Au Parlement, mardi, la question d’Osman Mahomed, adressée au ministre des Finances, Renganaden Padayachy, sera axée sur le nombre de demandes de manifestation d’intérêt reçues à l’EDB et si le projet a fait l’objet d’une Strategic Environment Assessment avant d’être finalisé. Cette dernière, explique le député, a pour but «d’évaluer l’impact cumulé des activités déjà existantes sur le lieu avant la planification d’un projet. Nous parlons ici de 238 arpents, un terrain de 10 perches. Il s’agit d’un des plus grands master plans (...) Dans le cas d’Anse-la-Raie, les réunions de consultation avec les habitants et les élus locaux n’ont pas eu lieu, ce qui nous permet de déduire d’ores et déjà qu’une Strategic Environmental Assessment n’aurait pas été réalisée».

Le rôle de l’EDB est également en cause, avance Osman Mahomed. Dans le cas d’Anse-la-Raie, le 17 octobre, Deepak Balgobin, répondant pour le ministre du Tourisme et du Logement et des terres, absent du pays, avait informé que 22 personnes et entités ont fait la demande depuis 2015 pour bénéficier de ce terrain. Le 24 octobre, face à la question d’Osman Mahomed, Steven Obeegadoo, revenu à Maurice, devait reconnaître que Luxury Suites d’Avinash Gopee avait déjà reçu sa letter of reservation pour ce terrain. Bien qu’étant une entité fondée en 2018, celle-ci ne possède que Rs 10 000 comme actif et n’a aucune expérience dans le secteur hôtelier.

«Si l’EDB procède de la même façon (pour le cas de Palmar) qu’elle l’a fait dans le cas d’Anse-la-Raie, en donnant à un promoteur sans expérience dans l’hôtellerie et 10 000 roupies actives dans son compte, c’est extrêmement grave, soutient l’élu travailliste. J’attends que le ministre des Finances donne des détails sur qui ont fait la demande et qui obtiendra le terrain. J’espère que ce ne sera pas des petits copains. Le ministre aura quatre jours pour préparer sa réponse et je m’attends à ce qu’il en donne effectivement une. Si une Strategic Environment Assessment a été réalisée, elle doit être rendue publique.»

Par ailleurs, dans un article de l’express daté du 7 novembre, lors d’une due diligence pour vérifier la capacité financière d’un promoteur pour un projet d’investissement, il est évoqué que le comité technique de l’EDB ne se fonde pas sur les actifs de l’entreprise mais surtout sur le «profil» du promoteur. Ainsi, dans le cas d’Anse-la-Raie, non sur les actifs de Luxury Suites Ltd (Rs 10 000 seulement selon le Registrar of Companies), mais sur tout le groupe d’Avinash Gopee, également président de la Tourism Authority, pour lui accorder la financial clearance.

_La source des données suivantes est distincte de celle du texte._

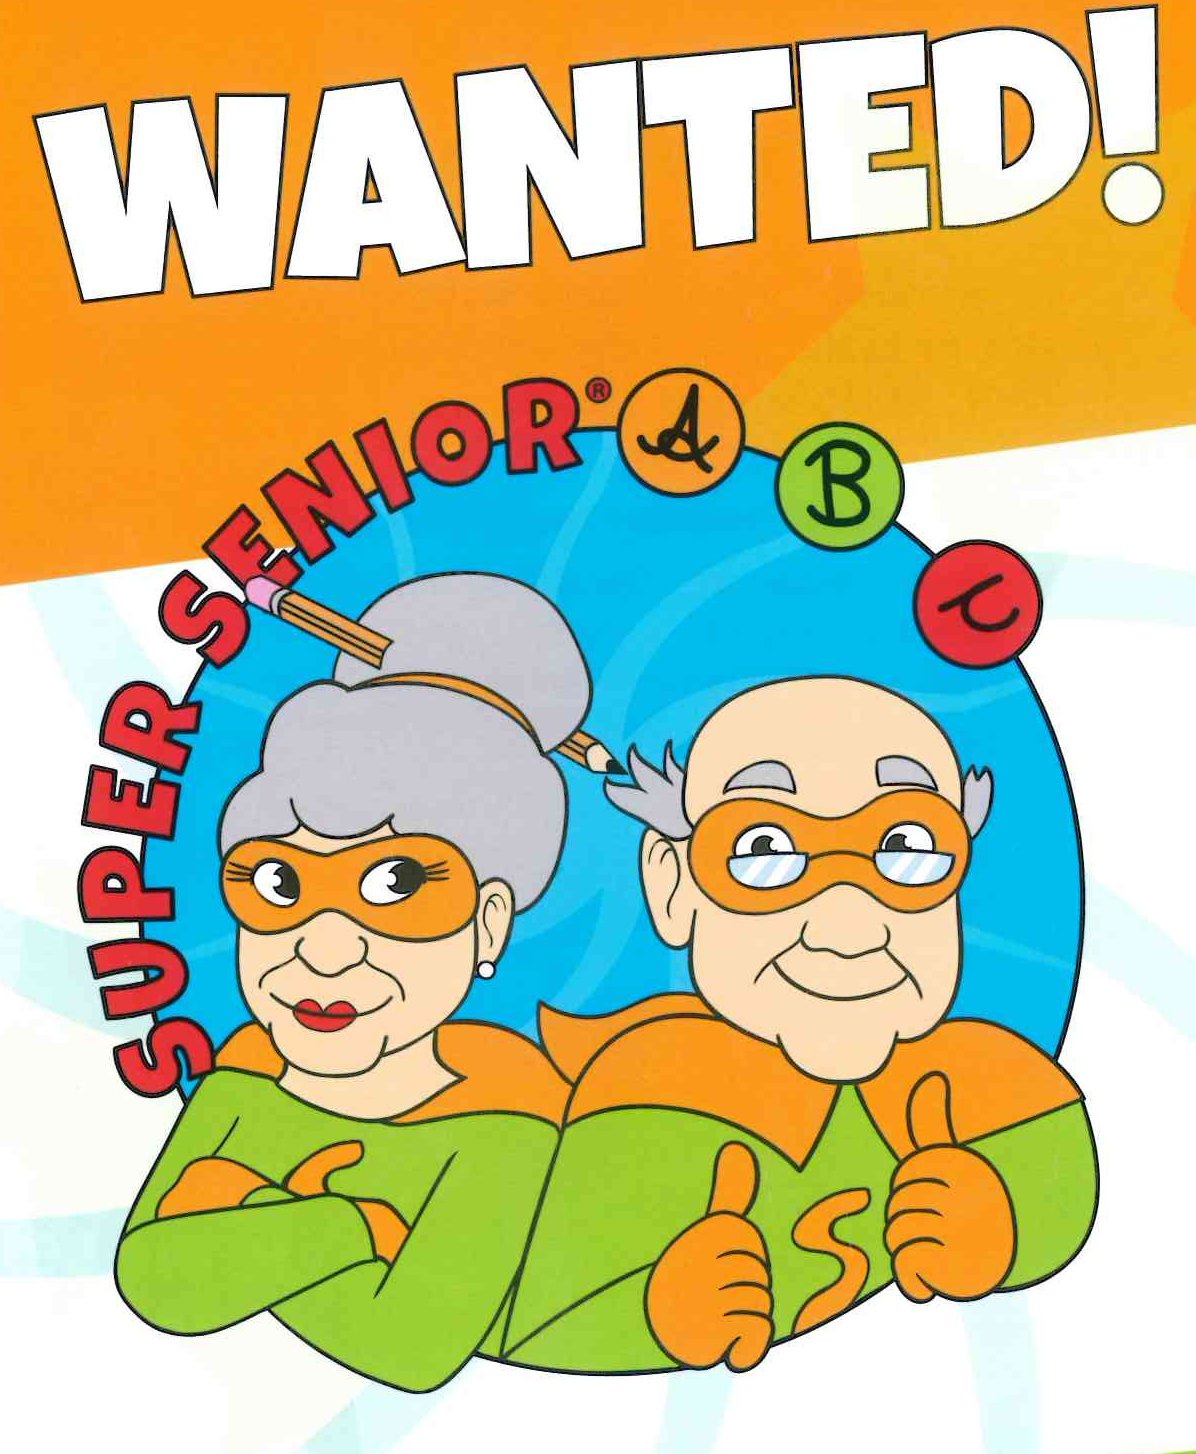 WANTED: SUPERSENIORS

Nous avons tenté de contacter Ken Poonoosamy, le Chief Executive Officer de l’EDB, mais il n’est pas au pays.

Rappelons aussi que le 21 novembre, soit mardi dernier, Osman Mahomed avait voulu poser une question au ministre Kavy Ramano sur la Strategic Environment Assessment pour le projet hôtelier à Anse-la-Raie. Mais le speaker lui a opposé un non catégorique et répétitif, l’empêchant même de terminer la question qu’il souhaitait poser. «J’espère qu’il n’y aura pas de delaying tactics cette fois-ci. Nos plages sont une propriété publique et il s’agit d’une question d’intérêt national», affirme Osman Mahomed.